The weather was gorgeous but a little breezy. The journey down was v straightforward, just down the A3.
Once in Portsmouth it wasn't as straight forward, the actual place we were going to, a physio centre, was hidden away on a business estate. It was a tiny building. Just consists of 3 rooms, the waiting room and 2 small office rooms. Quite oppressive really which only added to the stress levels I was feeling. It felt like I was taking my GCSE exams again and hadnt revised.
We took my chair and I was able to stay in it throughout the assessment, having my feet on the footplates eases the weight of my legs and in turn helps with the fatigue and back pain.
The lady was lovely, and she was only doing her job. I felt she tried to trip me up a couple of times, but again this is her job not her.
I fear I've over estimated how well I cope, trying to work out how far I can walk unaided. We agreed 40 metres, but I'd be unable to walk it again that day and I would be in incredible pain. But I would walk it as I'm buggered if I will give into this.
On the CAB forms it says if you stand with both feet on the floor and feel pain or fatigue. You are awarded Max points. She cleverly didnt mention pain or fatigue, just asked if I could get to the car and back to the desk (40 m)
So I am worried I've not painted a true enough picture of how I am, I dont want to make it sound unrealistic so I try and answer honestly. Husband agreed I was 100% honest and upfront with answers. I had no supporting evidence from gp or neurologist sadly, some say to show that as evidence. I'd imagine hell would freeze over before gp would help me :(
My Fate is in their hands now.
My next assessments is 6th of May. This is for the ESA claim so once again I shall have to jump hoops to try and get this. Why is it you feel you have to fight for something you need. Ive paid taxes for 14 years, when I need help I'm made to feel a burden and prove my illness is as debilitating as it is.

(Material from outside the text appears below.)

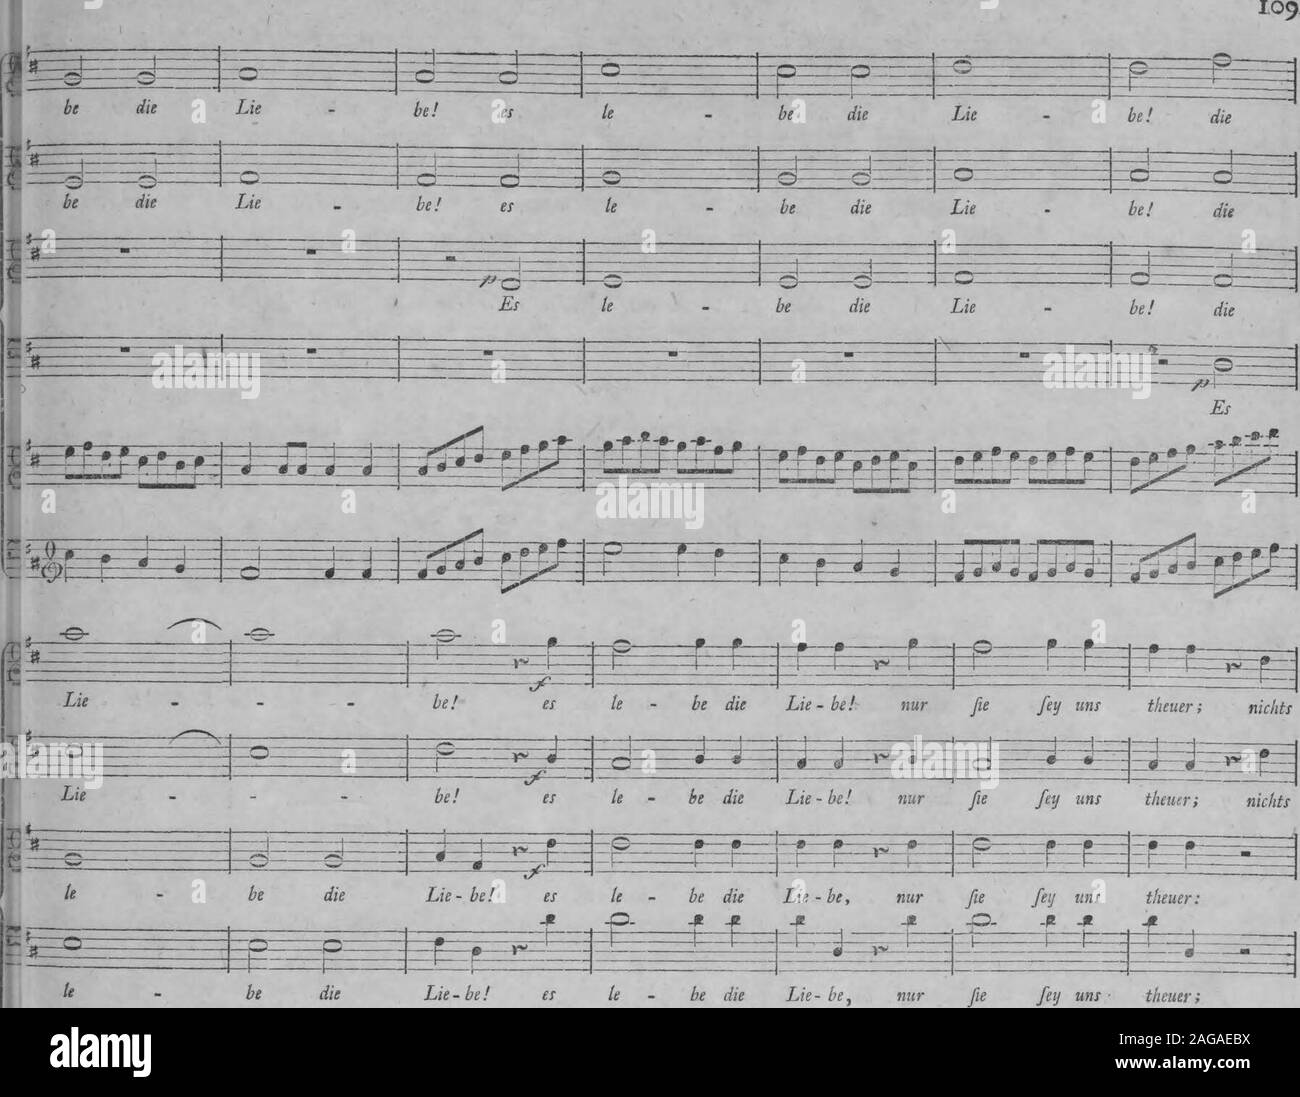 . Die Entfuhrung aus dem Serail : ein komisches Singspiel in drey Aufzugen (1796). m. jy^^^^^^^^g^y^^f^^a^^i^^ Mozart, Entführ, aus dem Serail. Stock Photo

Afterwards as we were in Portsmouth and hadnt eaten yet and it was almost 2:45 we ventured towards gunwharf quays to find food.
We found a nice place, a bar/restaurant called Giraffe right next to the Spinnaker tower
Lunch was delicious. We walked round the shopping centre afterwards, I say walk, hubby pushed me as wheeling after eating is v uncomfortable! We didnt stay long, I was tired and it was so so hot and hardly a breeze at all on the coast, unusual as back home it was a v cold wind! So we headed home and got in just after 5. I headed straight to bed as I was freezing (I often get v cold when over tired and stressed) so I curled up in bed with a hot water bottle, my meds taken and before I knew it I was fast asleep!
I woke up periodically for the next 5 hours, took my bed time meds and then I was fast asleep until 10:50 the following morning!! 17 hours more or less fast asleep!
Its Tuesday today and I am still not fully recovered from it.
Its daft, I did nothing more than sit about and go in the car yet it exhausted me. This is whats so frustrating about this condition, the most mundane and normal tasks are exhausting.
I had another thing happen last week, Thursday I had a moment that I guess was realisation?
I was shopping with my friend, and as I wheeled myself passed a shop, I saw myself in the reflection. Seeing me in a wheelchair made my heart sink like a stone and my tummy flip. Its upset me more than I'd ever imagine it to do so but I think actually seeing myself in the chair made it more real, if that makes sense?
Maybe coupled with my friend being 20 years older yet here I was struggling to get in and out the car magnified it? She was a work colleague and I miss her and my job so bleeding much this week :( envy/jealousy/humility all in one go I guess.
You know that moment you wake up and everything is ok, everything is fine for that split second before your conscious thoughts take over? I guess that's the closest I can describe it to.